The banks add that they are working together to assist in maximizing market liquidity through ongoing trading relationships, dealer credit terms and capital committed to markets. This will also facilitate the orderly resolution of OTC derivatives exposures between Lehman and its counterparties.
All ten banks say they all intend to use expanded federal reserve primary dealers credit facility this week. The banks say their actions reflect "extraordinary market environment".
Merrill, AIG and Washington Mutual, the biggest savings and loan institution -- which was the subject of conflicting reports Friday about whether it was in advanced talks for a sale to JPMorgan -- all face similar problems.
They have all held large amounts of real-estate related assets that have fallen sharply in value. Shares of all three lost more than one-third of their value last week. (Pimco's El-Erian discusses the financial fallout in the video).
The perception is that the losses they have disclosed are far from enough, and that they will have difficulty in raising new capital.
One of the catalysts for this weekend's events was the stance of U.S. Treasury Secretary Henry Paulson.

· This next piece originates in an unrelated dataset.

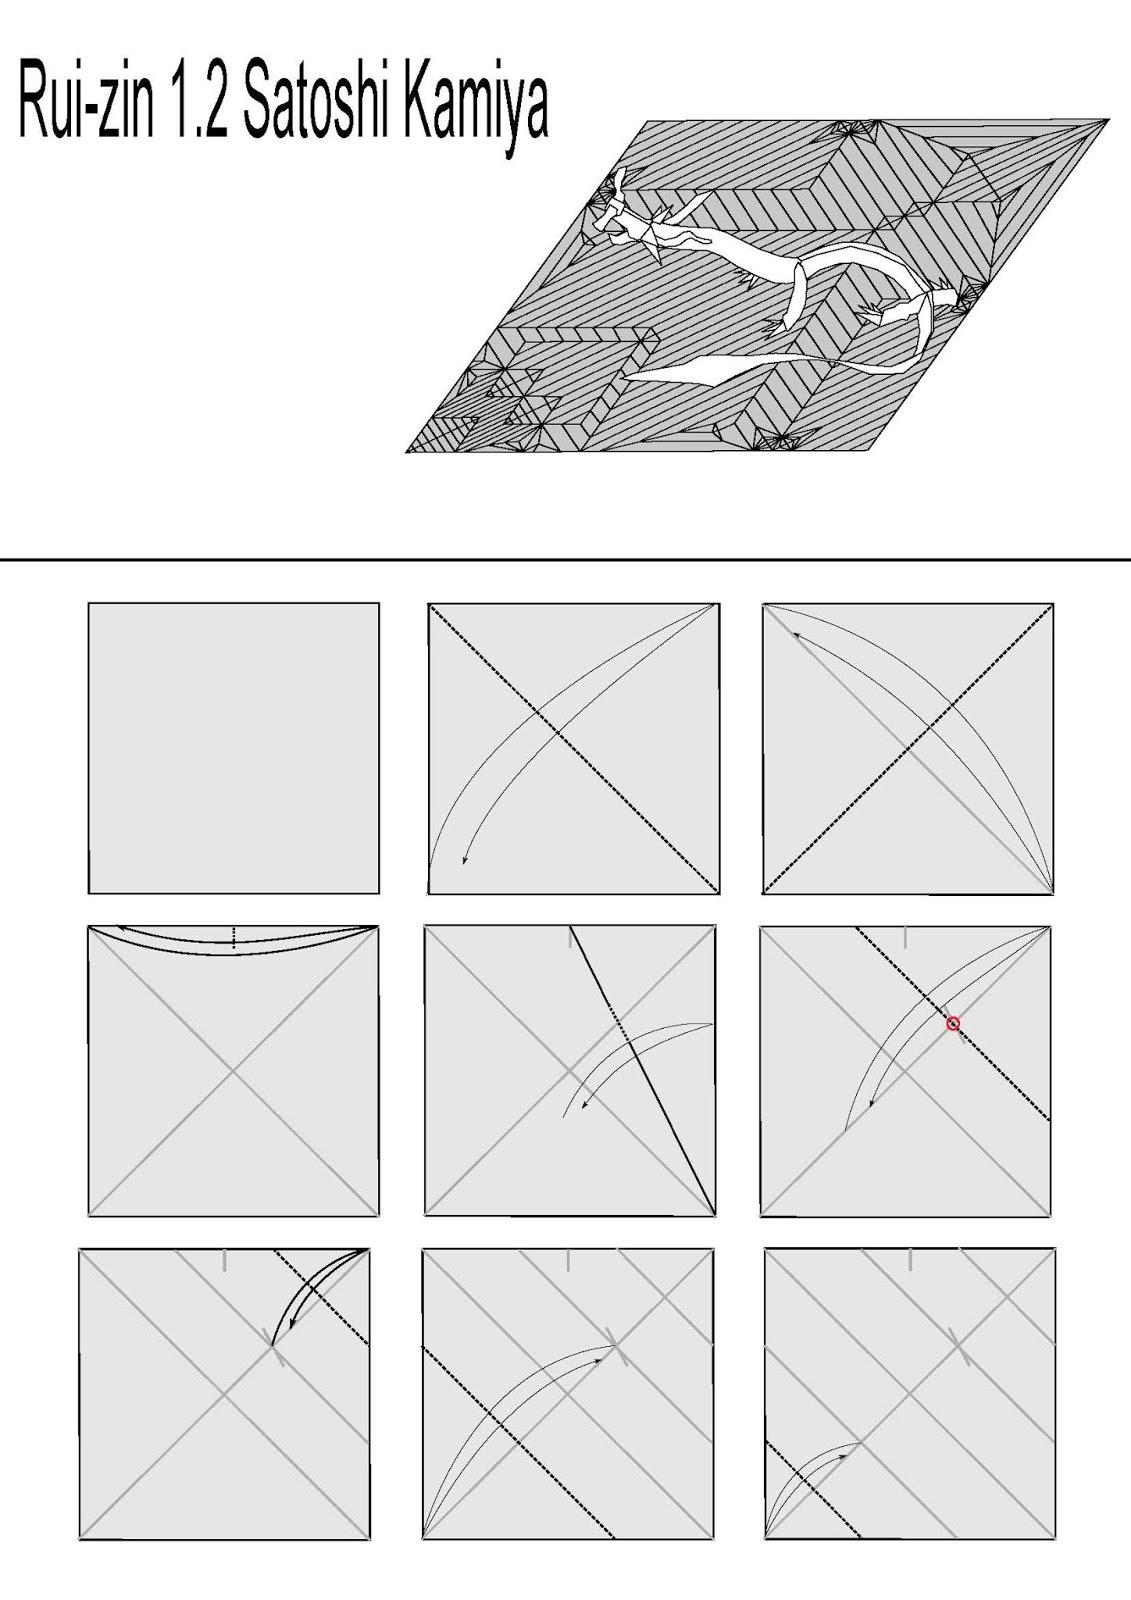 Origami Ryujin 1 2 Diagram Wiring Diagrams 5a Ubec Max 75a Universal Battery Eliminator Circuit 5v Or 6v Option Satoshi Kamiya Nhat S Rh Origamivnnhatpro Blogspot Com Mantis Shrimp

He was strongly opposed to using government money in any deal aimed at resolving the Lehman crisis.
The lack of such government guarantees was the main reason Barclays decided to exit the negotiations to buy Lehman, according to a person familiar with the matter.
Emergency Sunday Trading Session
An emergency trading session was set between dealers with Lehman Brothers counterparty risk involved credit, equity, rates, foreign exchange and commodity derivatives, the International Swaps and Derivatives Association said.
"This is an extremely, and I stress extremely, rare event. It also speaks to the more general notion that, in today's highly disrupted financial markets, the unthinkable is thinkable," said Mohamed El-Erian, CEO of Pimco, the world's biggest bond fund.
Market sources said the special session was initiated by the Federal Reserve, with the aim of reducing risk associated with a potential bankruptcy filing by Lehman Brothers.
"Trades are contingent on a bankruptcy filing at or before 11:59 p.m. New York time Sunday," said the statement. "If there is no filing, the trades cease to exist."
The special session "is a way to offset the risk between the remaining large banks and insurance companies and fund managers prior to the markets opening in Asia," said Mark Grant, managing director of structured finance at Southwest Securities, based in Dallas.
Grant is expecting a turbulent session when the U.S. markets reopen for business on Monday.
"The market is going to be spooked. People will be fearful and no one outside a very small group of people knows what Lehman going into liquidation will mean."
Lehman's bankruptcy marks an ignominious end to a once-proud firm, founded by cotton-trading German immigrants 158 years ago. It would also badly tarnish the reputation of CEO Dick Fuld, who has insisted that his firm could work through its problems to survive as an independent entity.
Former Federal Reserve Chairman Alan Greenspan said Sunday he suspected "we will see other major financial firms fail," but added that this did not need to be a problem. "It depends on how it is handled and how the liquidations take place," Greenspan told the ABC program "This Week." "And indeed we shouldn't try to protect every single institution.
The ordinary course of financial change has winners and losers." Hundreds of Lehman employees went into the office on Sunday to clear desks and pack personal belongings, according to an employee.
Many even opted to say their farewells with one last office soiree. "We are having pizza and beer," said one Lehman employee, who declined to be identified.
The news on Sunday was a huge hit to an already wounded financial jobs market, and a dent to New York's claim to be the pre-eminent world financial center.
Headhunters and consultants said the talent-flush U.S. market -- which has shed more than 100,000 financial-sector jobs this year -- must now brace for up to 50,000 more.